= Project Bergamot =

Machine translation software development project

Project Bergamot is a joint project between several European universities and Mozilla for the development of machine translation software based on artificial neural networks, which is intended for local execution on end-user devices.

The software library that was created and the associated language models were made available to the general public as Free Software. Execution requires a x86 CPU with SSE4.1 instruction set extensions. In 2022, Devin Coldewey of TechCrunch judged the translation quality to be "more than adequate", but considered Firefox Translations to be not yet fully mature.

== Usage ==
Mozilla used the Bergamot Translator to expand its web browser Firefox with a feature for translating web pages, which was previously considered an important gap in Firefox' feature set. It is often compared to the much older corresponding feature in Google Chrome, which utilizes a cloud-based background service. In contrast, Firefox Translations does not require any data to leave the user's computer, resulting in advantages in terms of data protection, availability and possibly response times. There is just the installation of a new language model that needs to take place the first time a new language is encountered. Greater independence from large technology companies and their interests is also mentioned as an important advantage. Mozilla thus strengthened its position as an alternative software vendor with a particular focus on data protection and security. Mozilla followed up with the similar feature of speech recognition for spoken user input, based on whisperfile.
On the other hand, slow translation times have been observed, especially on older devices. Also, Firefox Translations initially supported far fewer language pairs than other major translation services and is only gradually adding new models. On that matter, the training pipeline is also made available to interested parties to enable the creation of missing language models.

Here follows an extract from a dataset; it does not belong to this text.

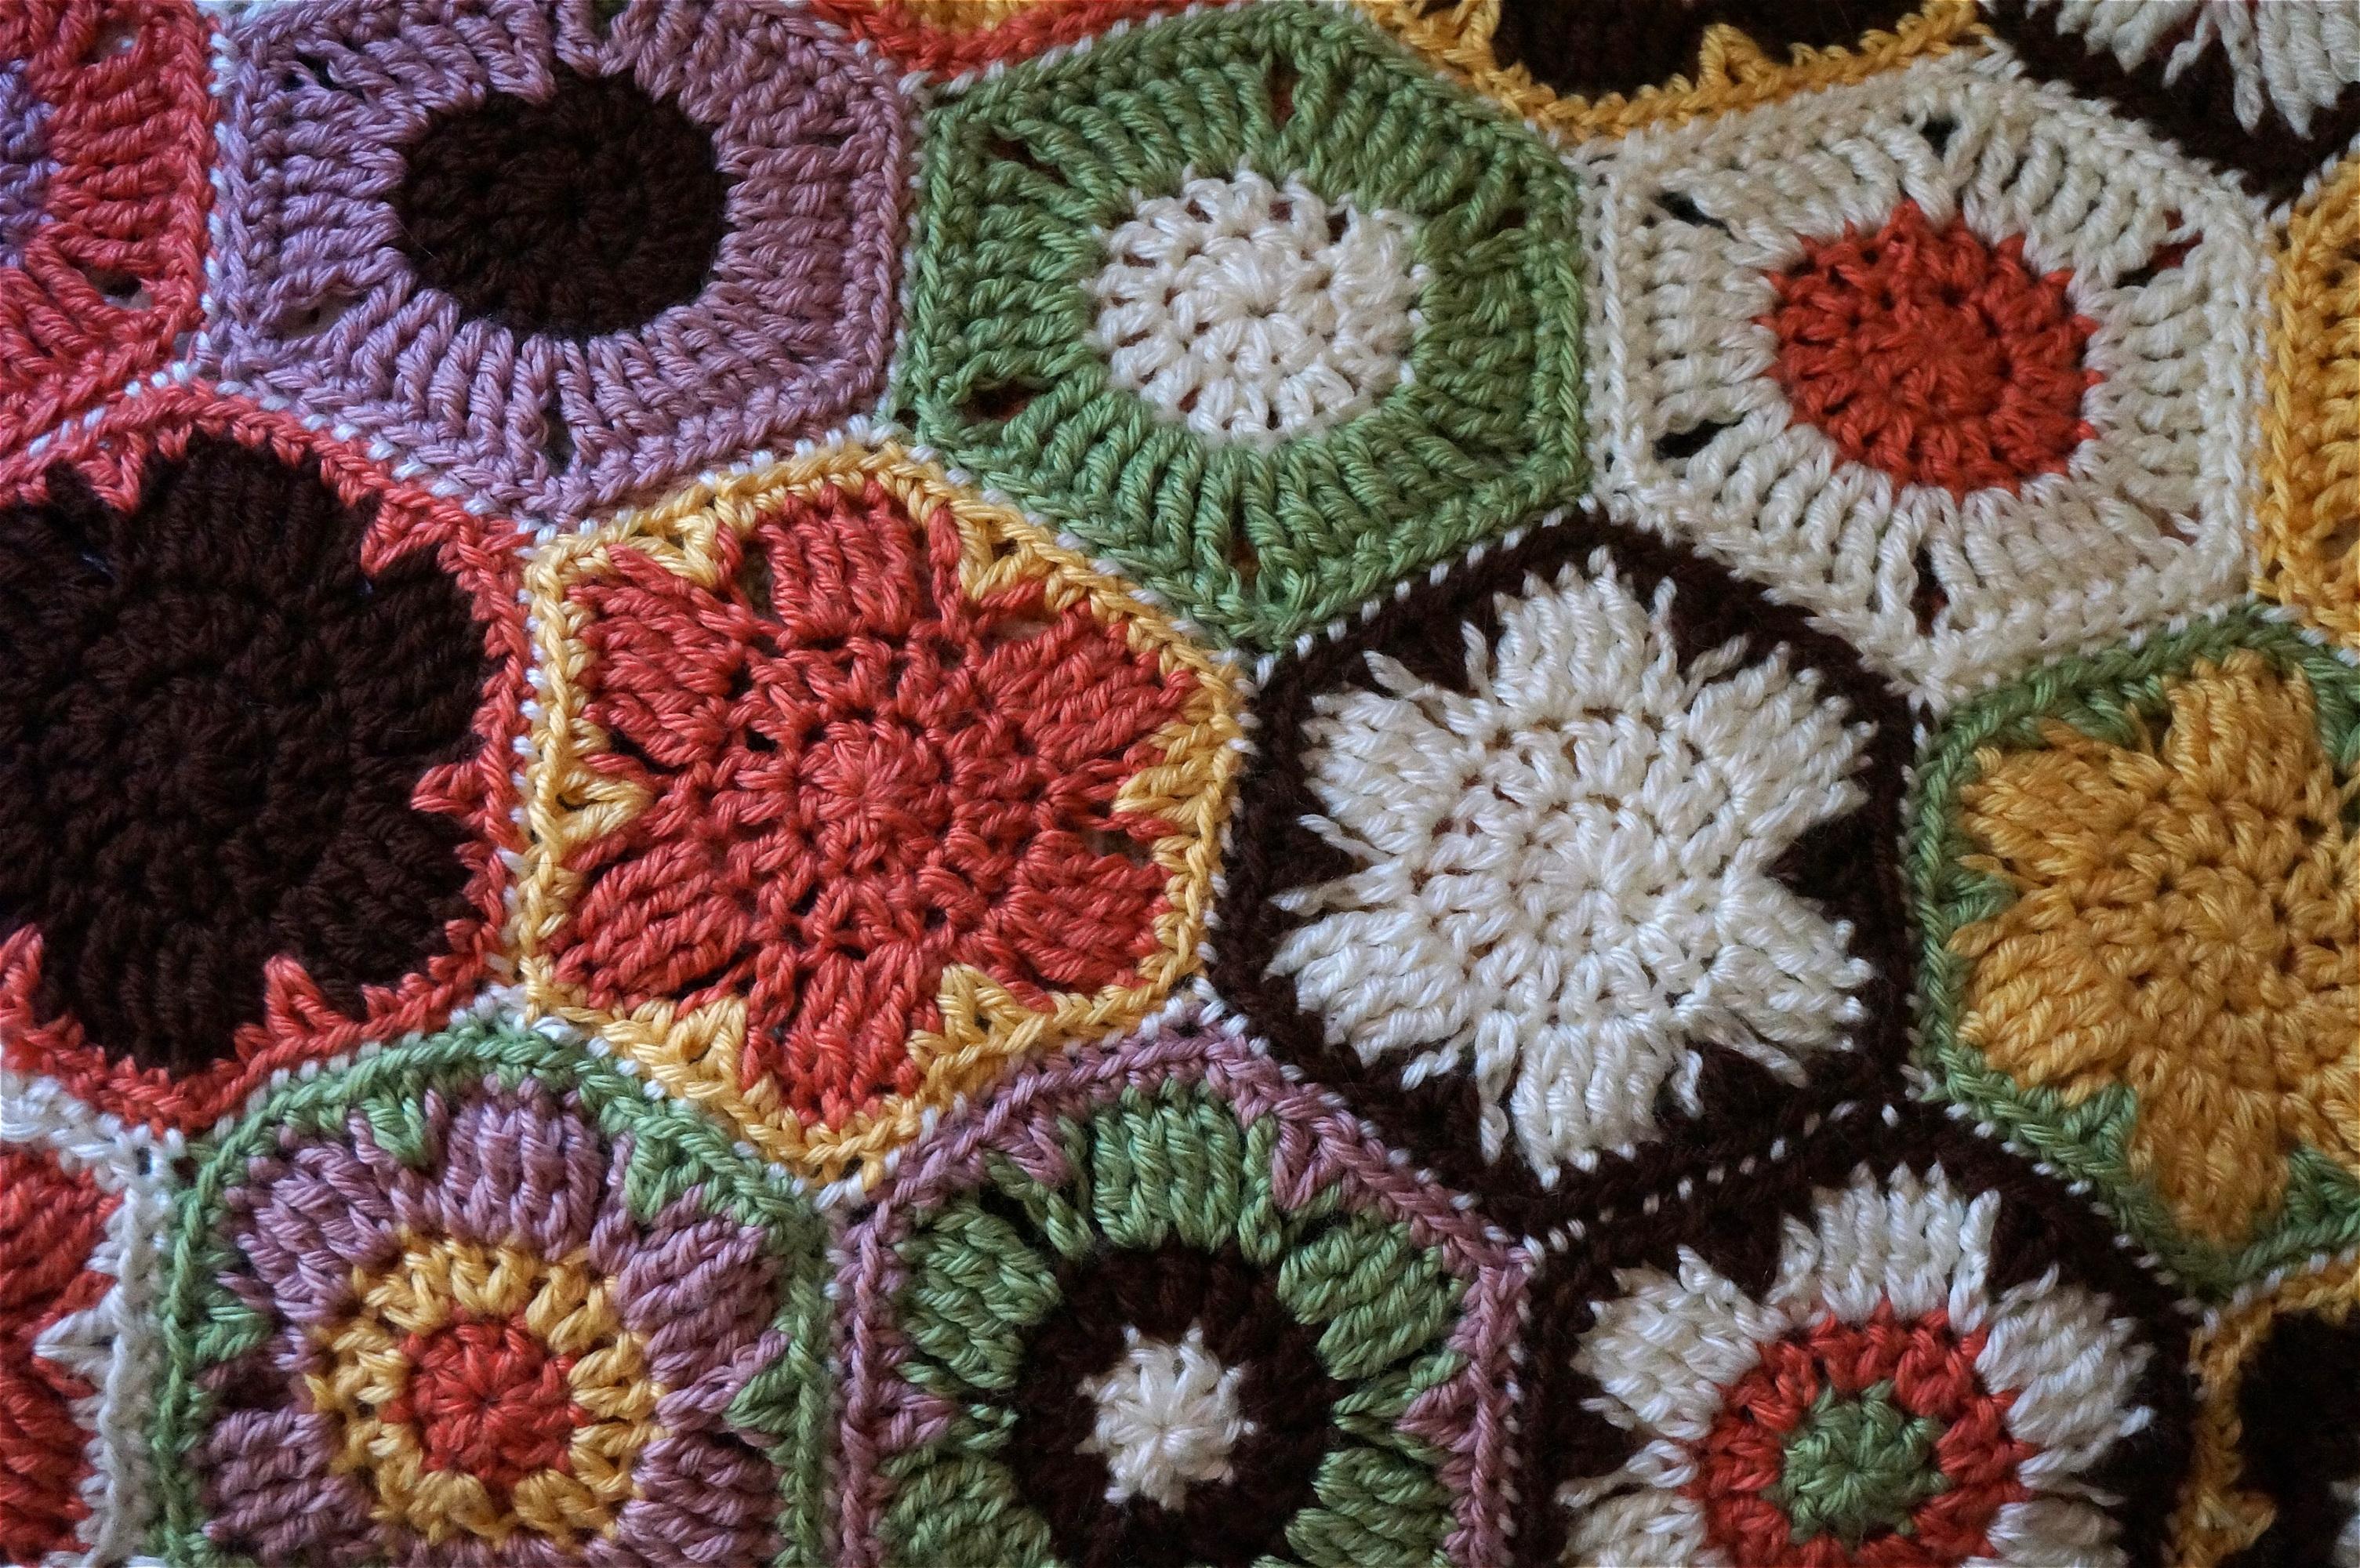 Fotos gratis : flor, patrón, arte, vistoso, hilo, material, Flores ...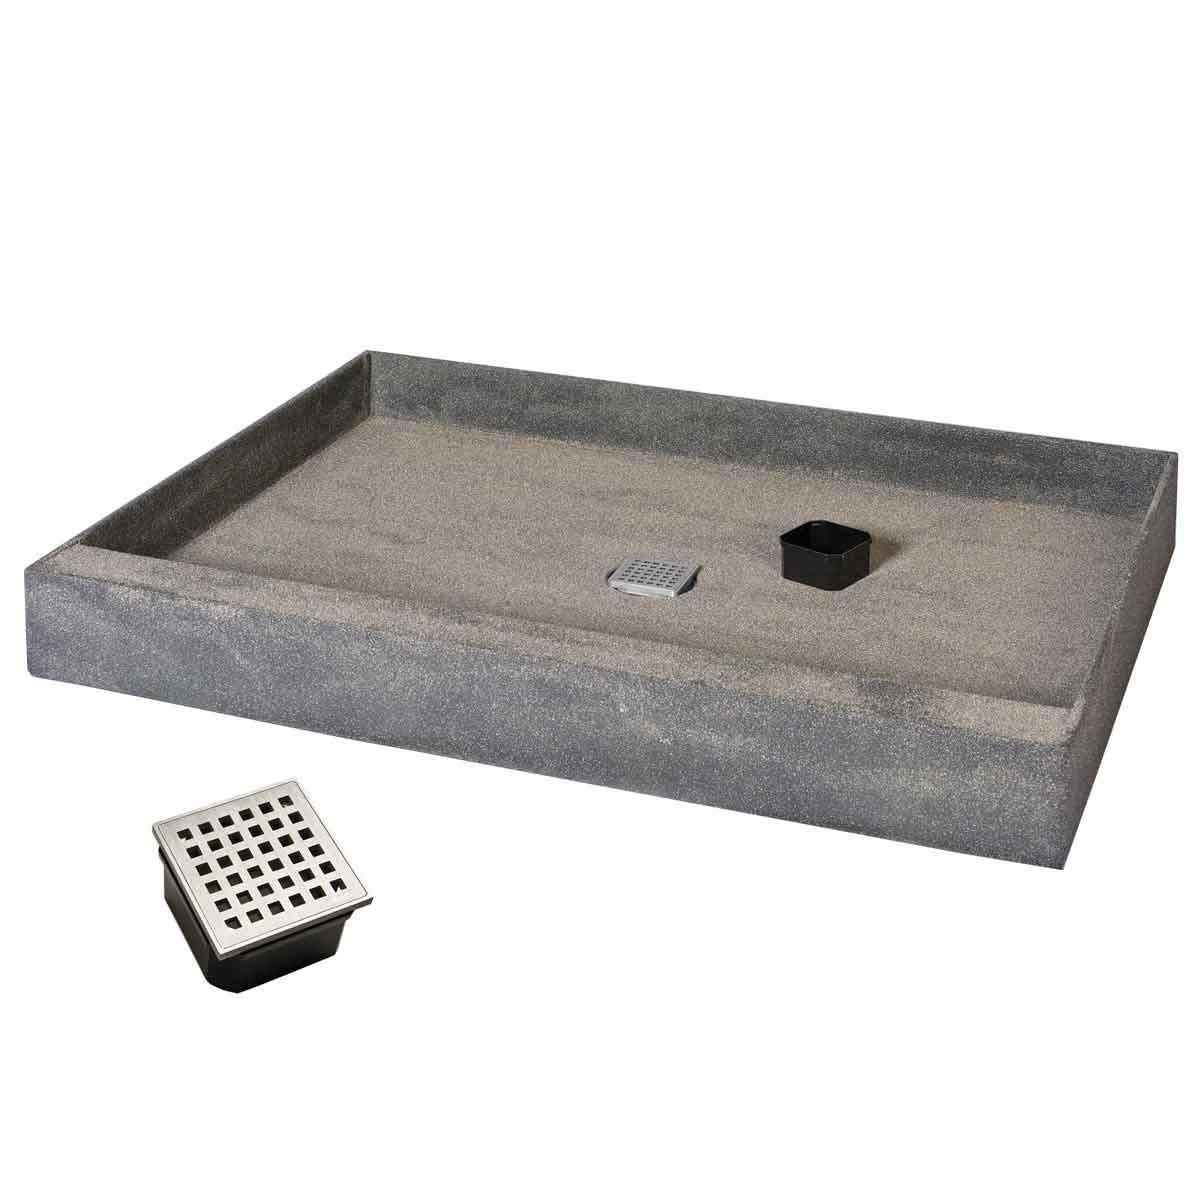 Wedi Ecobath OneStep Shower Base

TranslateLocally is a Firefox-independent translation software based on the Bergamot Translator. It is also available as an (Electron-based) standalone application or as an extension for Chromium-based web browsers.

==History==
Mozilla had already tried to get a (cloud-based) web content translation feature into Firefox a few years before Project Bergamot, but had failed because of the financial challenge. Microsoft had already delivered offline capabilities for its translation software in 2018. Google soon followed suit, Apple two years later. The software is based on the free translation framework Marian, which the University of Edinburgh had previously developed in cooperation with Microsoft, and is itself based on the Nematus toolkit that was presented in 2017. Under the leadership of the University of Edinburgh, a development consortium was formed with the Mozilla Corporation and the additional European universities of Prague, Sheffield and Tartu. In 2018, it was able to get 3 million euros of funding from the EU's Horizon 2020 programme. Firefox Translations was initially provided as an add-on. A first functional demonstration prototype was presented in October 2019. Beta version 117 had the feature integrated directly into the browser, the official release was in version 118 from September 2023. Both the add-on module and as part of Firefox, the code and the models are subject to the version 2 of the Mozilla Public License. Since 2022, the EU-funded HPLT project creates new language models. It involves additional partners, including the universities of Helsinki, Turku, Oslo and other partners from Spain, Norway and the Czech Republic.